New Delhi: No one is allowed to criticise the Taliban regime’s officials and members publicly, top leader Hibatullah Akhundzada decreed Monday, in yet another clampdown on free speech in Afghanistan.
The order has warned civilians and journalists of public punishment for “baseless” allegations, “detached from reality” that can not be proven before the government.
The decree comes as public flogging and other forms of corporal punishment have become increasingly common in Afghanistan since the Taliban seized power in August 2021.
The Taliban courts have the authority to impose public punishments. For instance, the primary court of Parwan City handed down 15 lashes each to 12 persons facing narcotics-related charges in the central Afghanistan province, the country’s Supreme Court has noted in a recent statement.
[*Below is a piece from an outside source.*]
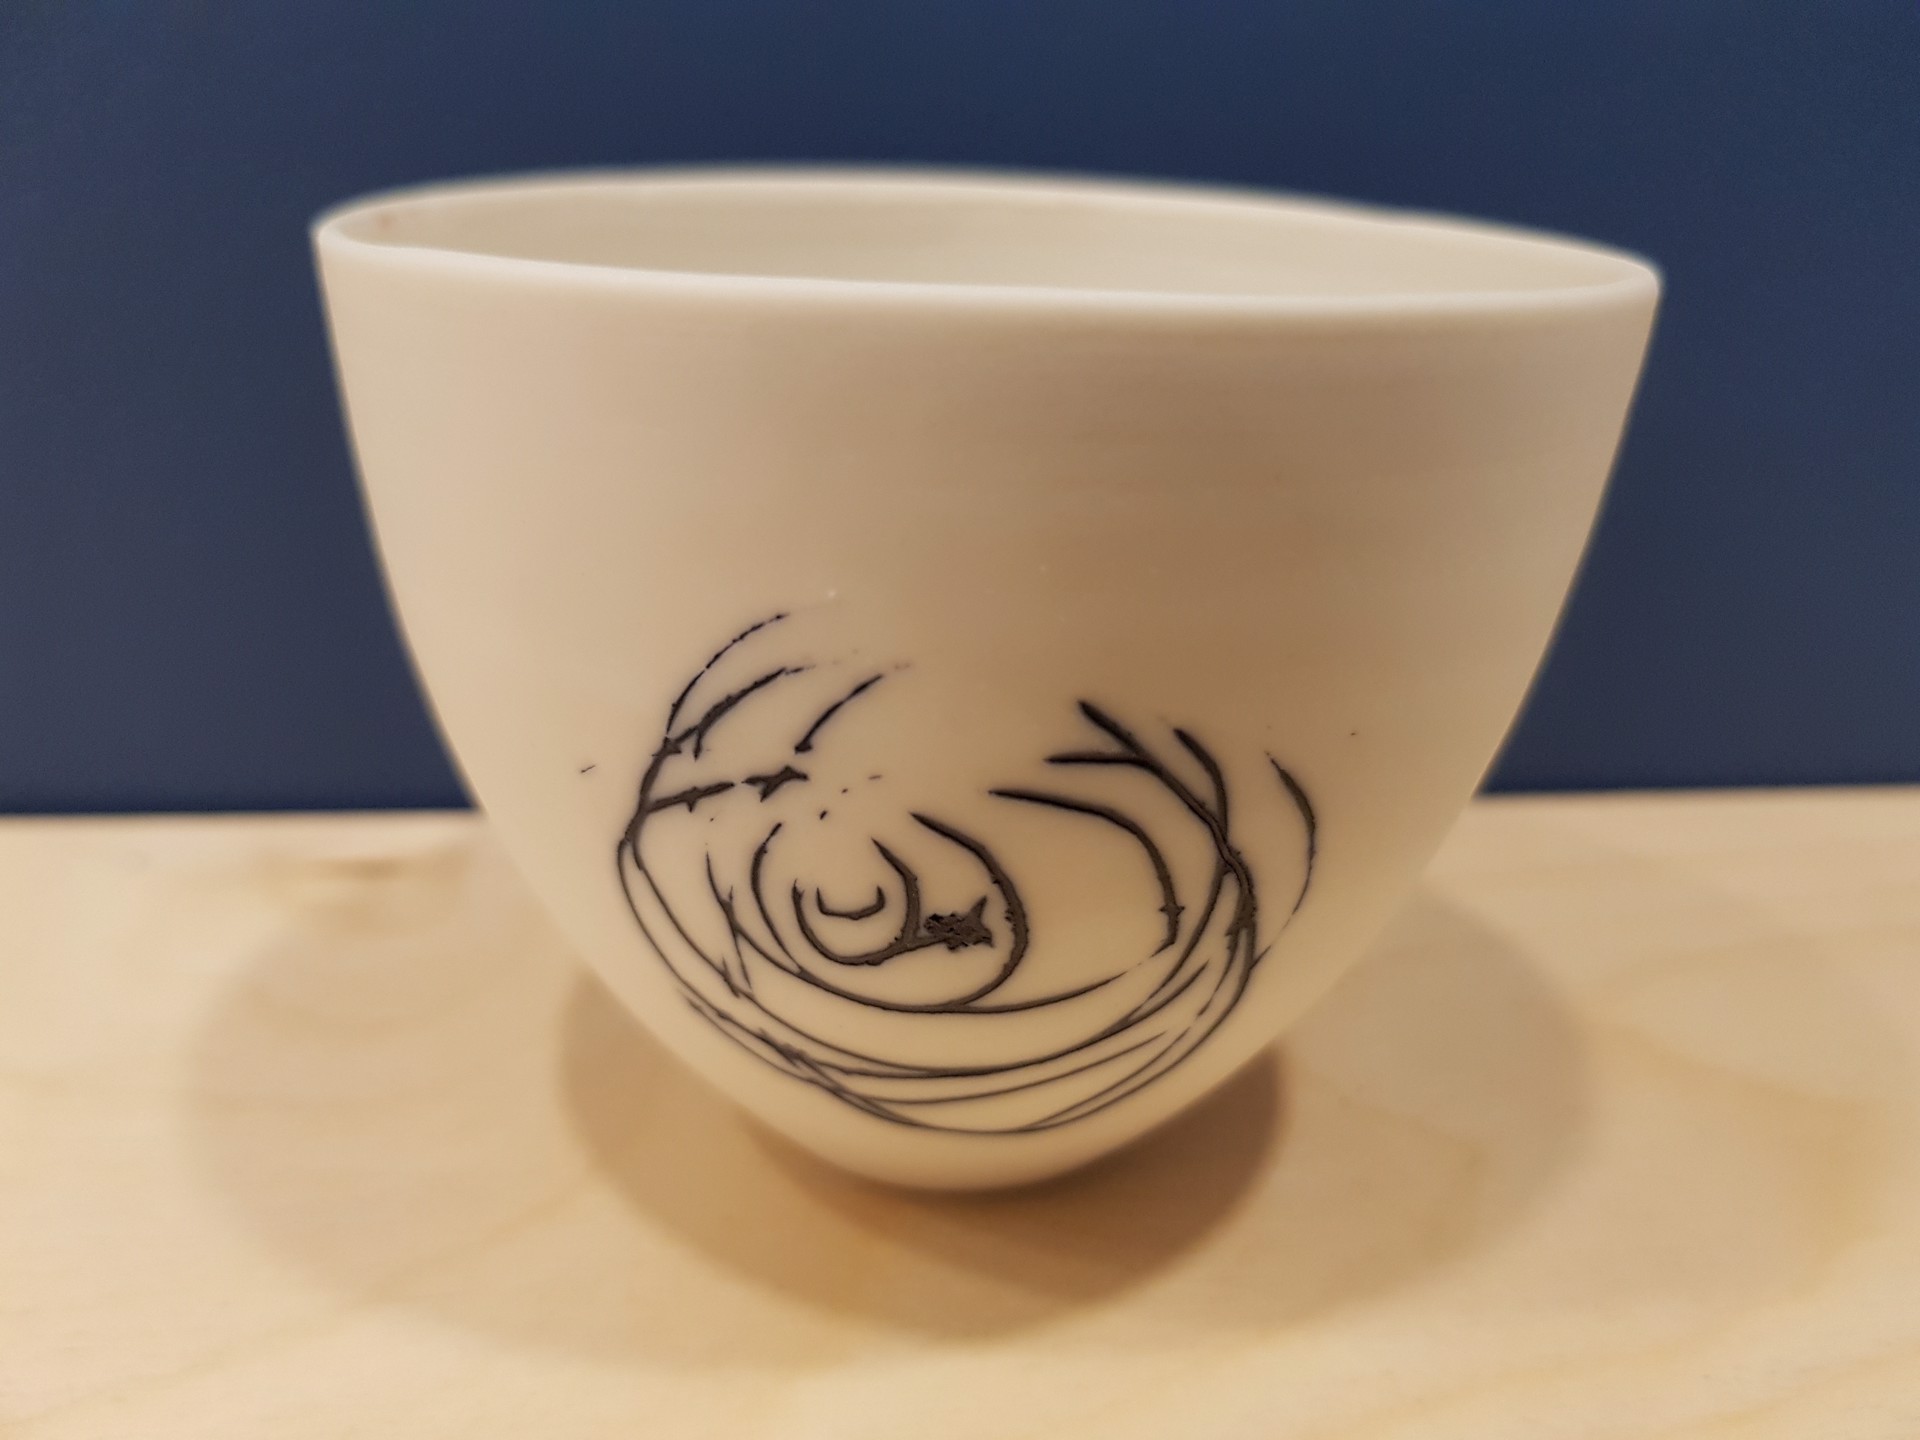 Small blue scribble bowl by Ali Tomlin

After the public flogging, the 12 will now serve one to three years of jailtime, the top court has stated, according to Afghanistan-based Amu TV.
In Kabul, Balkh, and Kunar provinces, the Taliban also punish people for sexual offences such as extramarital relations and same-sex relations with public flogging, the SC’s statement has noted.
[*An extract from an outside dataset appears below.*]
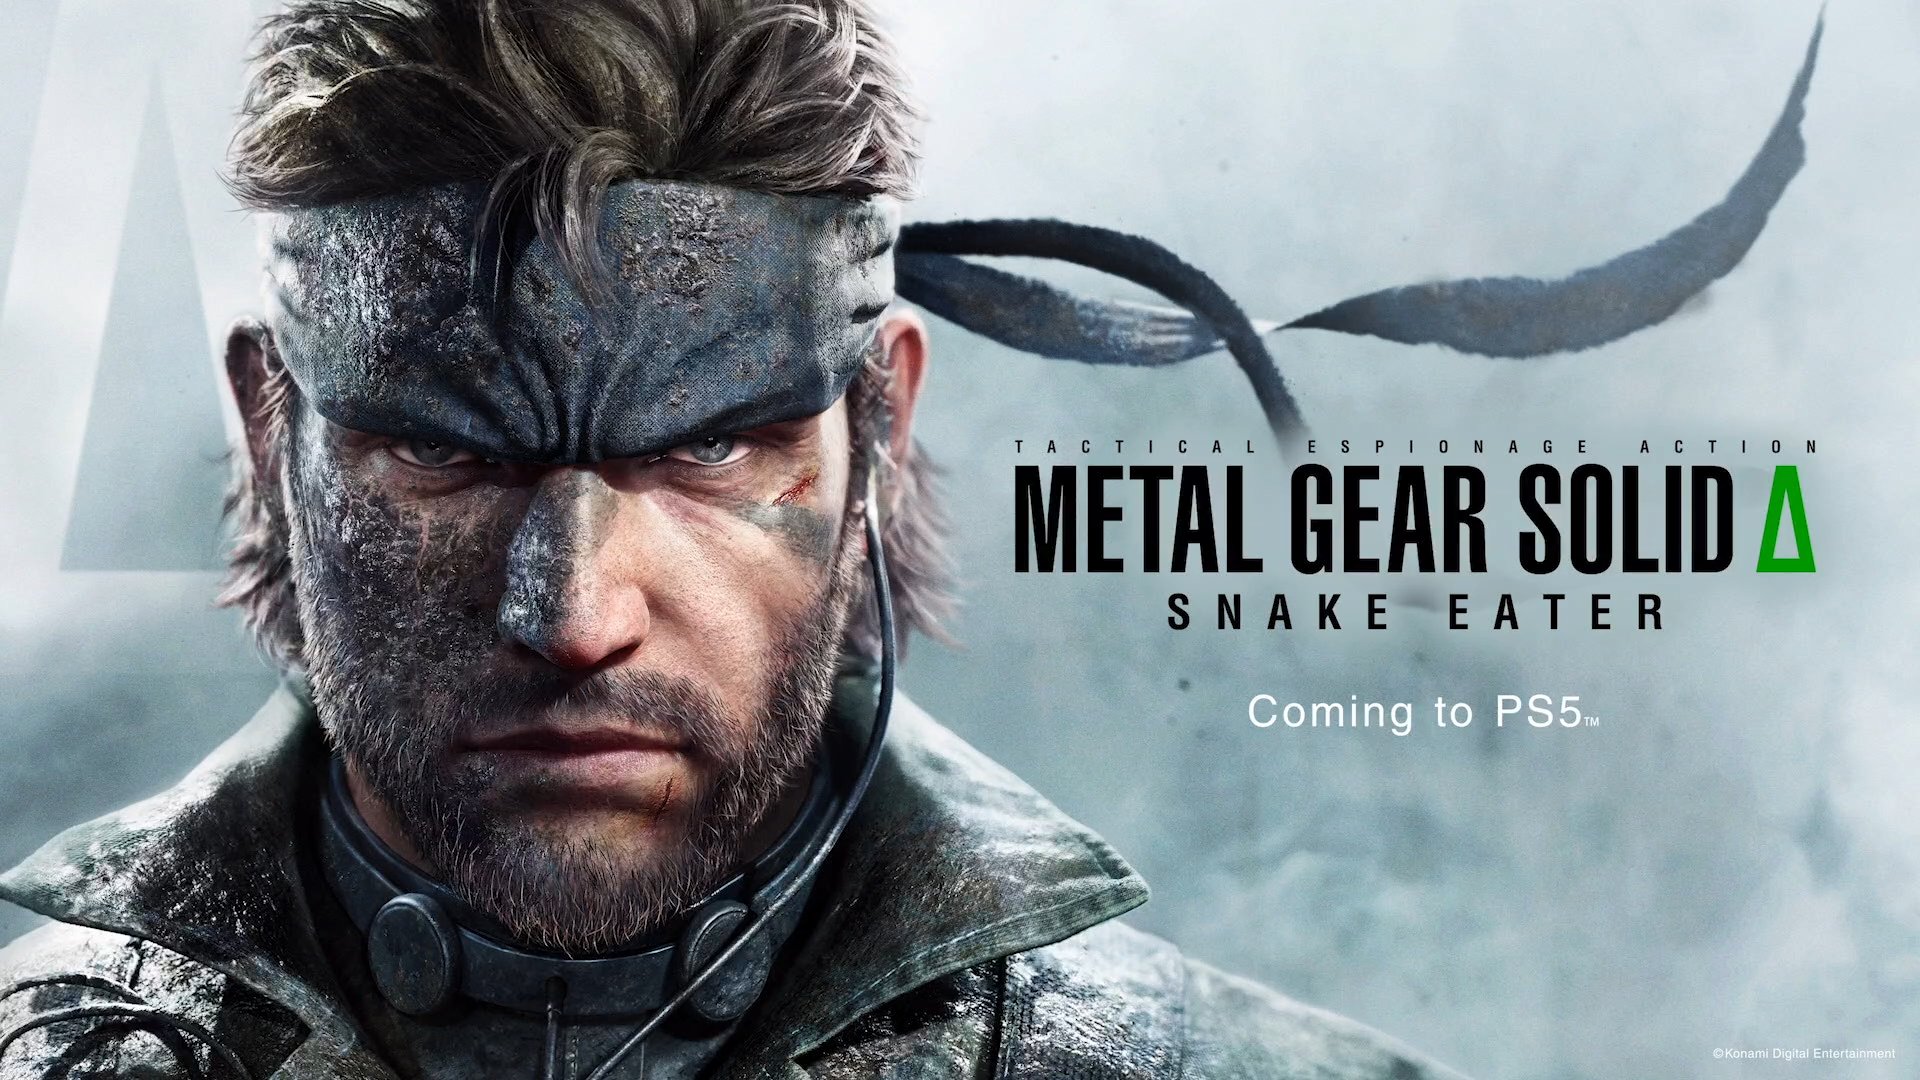 Metal Gear Solid: Master Collection Vol. 1 review

The disclosures made in the statement have drawn widespread condemnation from the international community.
In 2025, the Taliban regime publicly executed or flogged over 1,000 people, including over 150 women, across Afghanistan, the SC statement has also highlighted.
Common offences that are punished this way include absconding from home, theft, and other activities that the Taliban perceives as against Sharia law.
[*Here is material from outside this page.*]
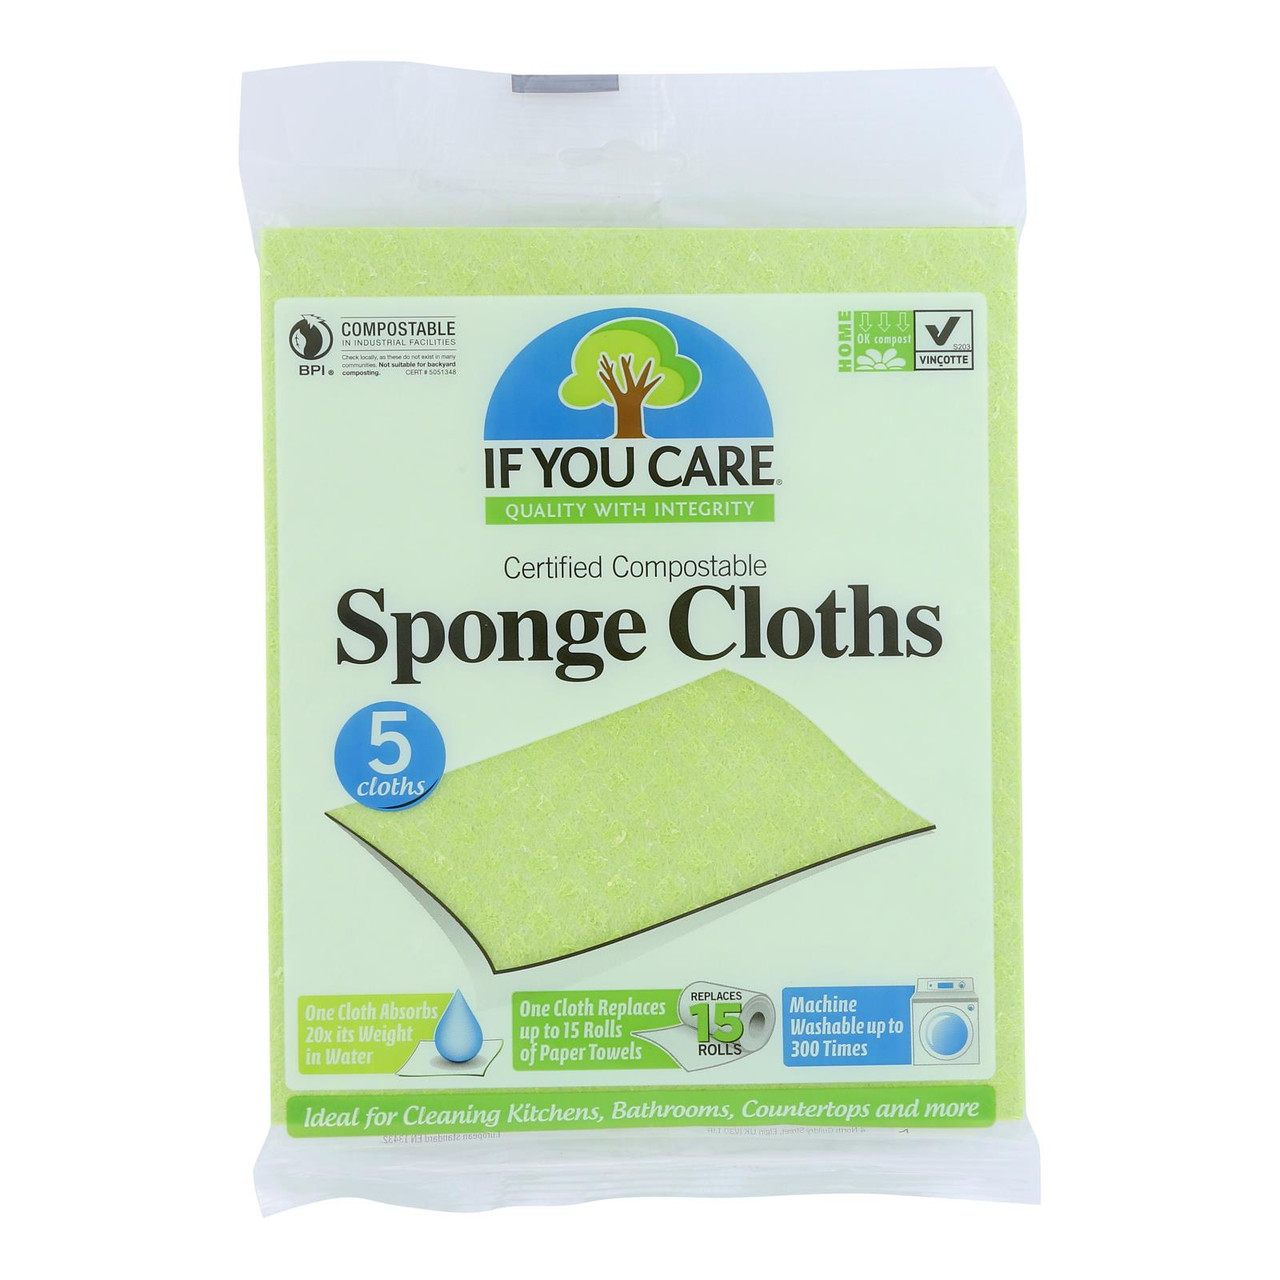  If You Care Sponge Cloths – 5 Count – 100% Natural

One of the most shocking cases was the 2 December 2025 public execution of a man in a sports stadium in southeastern Afghanistan’s Khost. A 13-year-old boy reportedly killed the man with three gunshots, while thousands of people, including young children, watched the execution.
Hibatullah Monday also changed the detention rules. Now, if someone is arrested, they can be kept in jail for up to 10 days, instead of the earlier limit of three days. Moreover, no one can be released unless a Taliban court allows it, meaning police or prosecutors can no longer let people go on account of insufficient proof of the crimes they’re suspected of.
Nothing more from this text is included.